Political discussions about everything
#33849
So, does anyone here have any rational opinion about genetically engineered foods.

They range from new raw foods where we have no idea what the effects will be, to foods that will be purified and therefor chemically identical to the original purified food and therefor as harmful or harmless as the identical.

Example: Vanilla. Soon to be released for consumption will be vanilla created by genetically engineered yeast. IF this vanilla is purified as it will need to be purified, then it will be identical to the currently chemically manufactured vanillin. Yes, chemically manufactured vanillin must be identified as not be from the vanilla bean but a product of a chemical factory. Natural vanilla from the vanilla bean is called vanilla in the food industry. In the new twist, the yeast produced vanilla will be allowed to be called natural vanilla rather than vanillin from the chemical factory. Real vanilla will be indistinguishable in the market from the yeast produced vanilla.

What's your opinion?

This is a great case for reasoning about safety, about truth in advertising, and free market capitalism. As long as the vanillin is purified there is no safety concern. People have been eating vanillin for millennia. People have been eating chemically produced vanillin for perhaps a century. It is of a know level of safety in our food supply and well accepted by all parties. This new product is no different and the FDA has ruled in this way. I agree.

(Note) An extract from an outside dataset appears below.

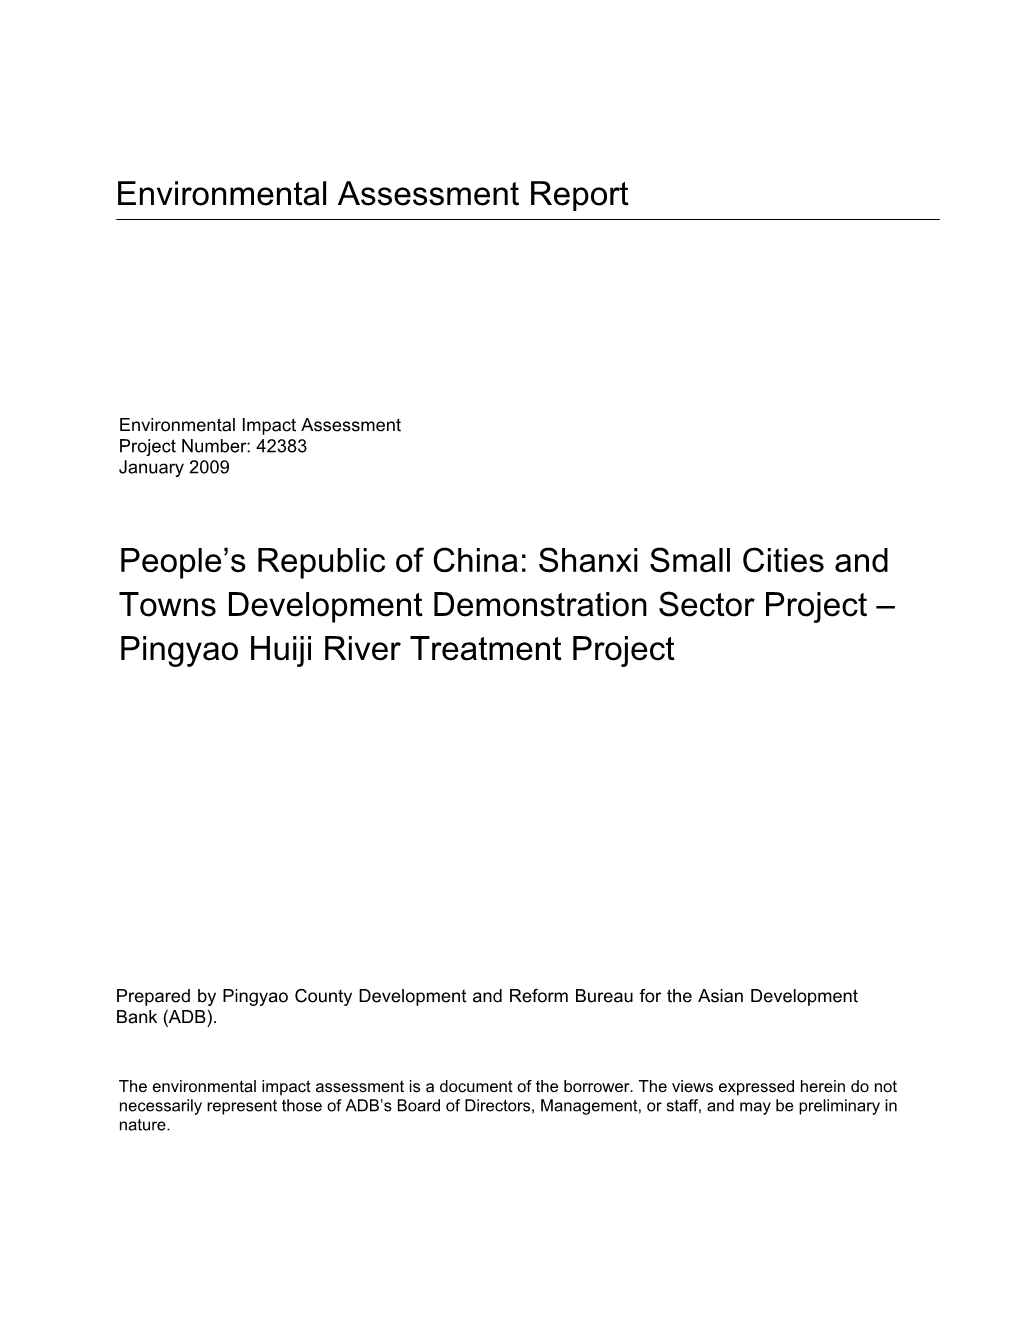 Shanxi Small Cities and Towns Development Demonstration Sector Project – Pingyao Huiji River Treatment Project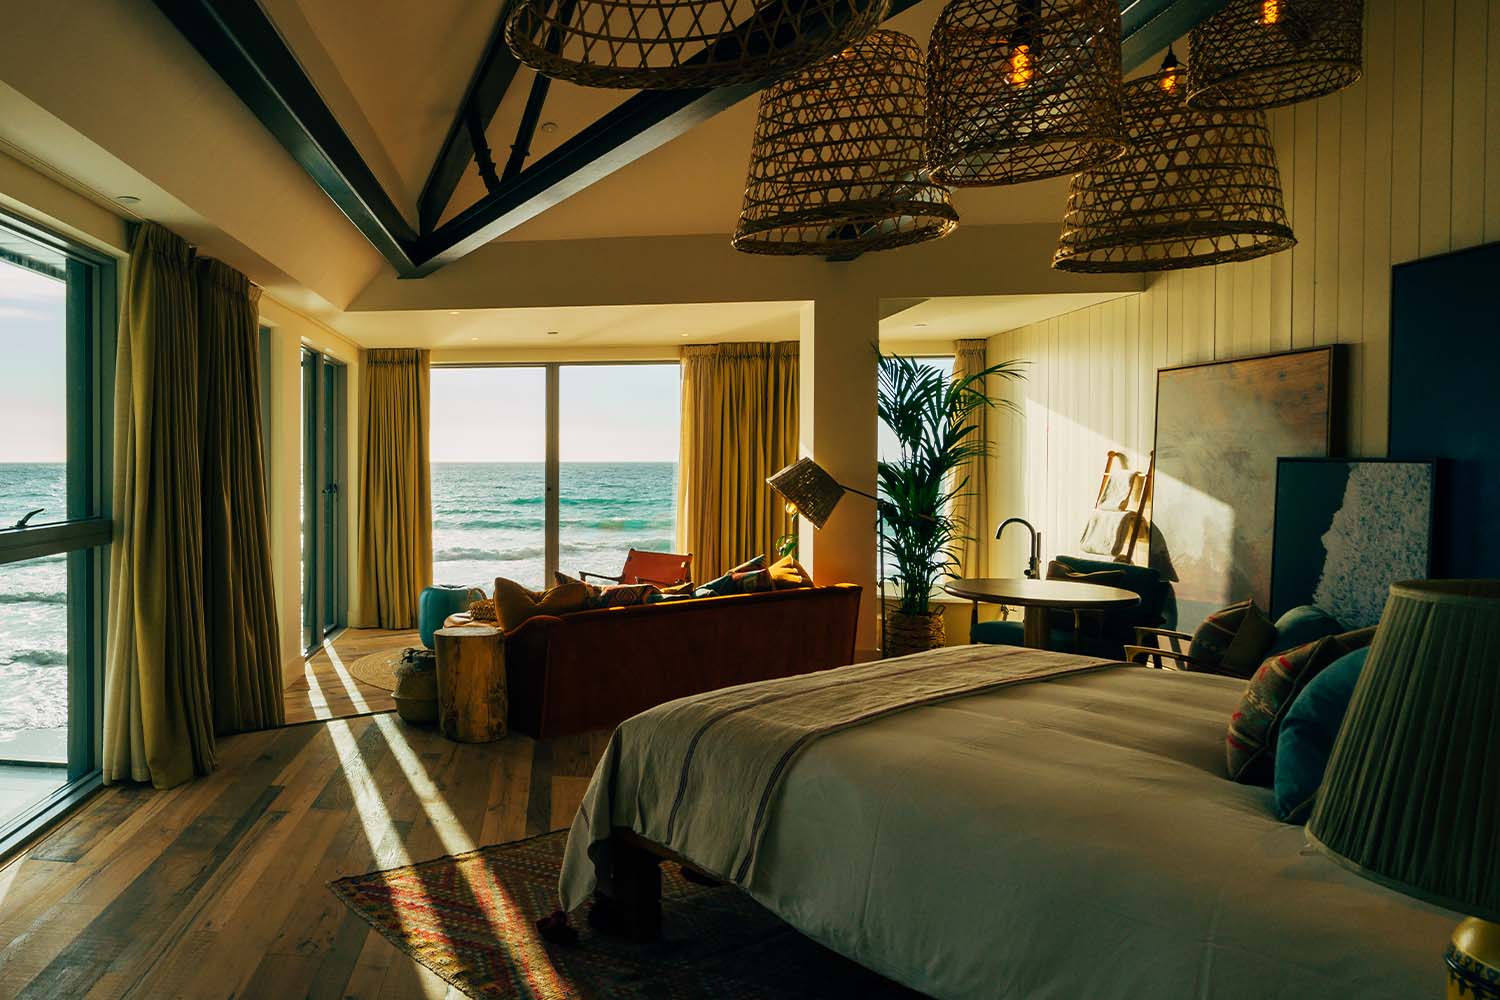 A Beach Loft Suite at the Watergate Bay Hotel

Truth in advertising. Hiding this new produce is a clear lie. It is NOT real natural vanilla. Real natural vani8lla is a complex mixture of many things, not all pure vanillin. If the yeast is producing a complex mixture, it will not be the same complex mixture. To be regarded as old, known, and safe, it will need to be purified. If purified, it is not real natural vanilla. If not purified, it is not a known safe mixture. In both cases it is not the same mixture of the same components that come from the vanilla bean. Thus, calling it natural vanilla is just a very simple obvious lie. Jusr more lies in advertising.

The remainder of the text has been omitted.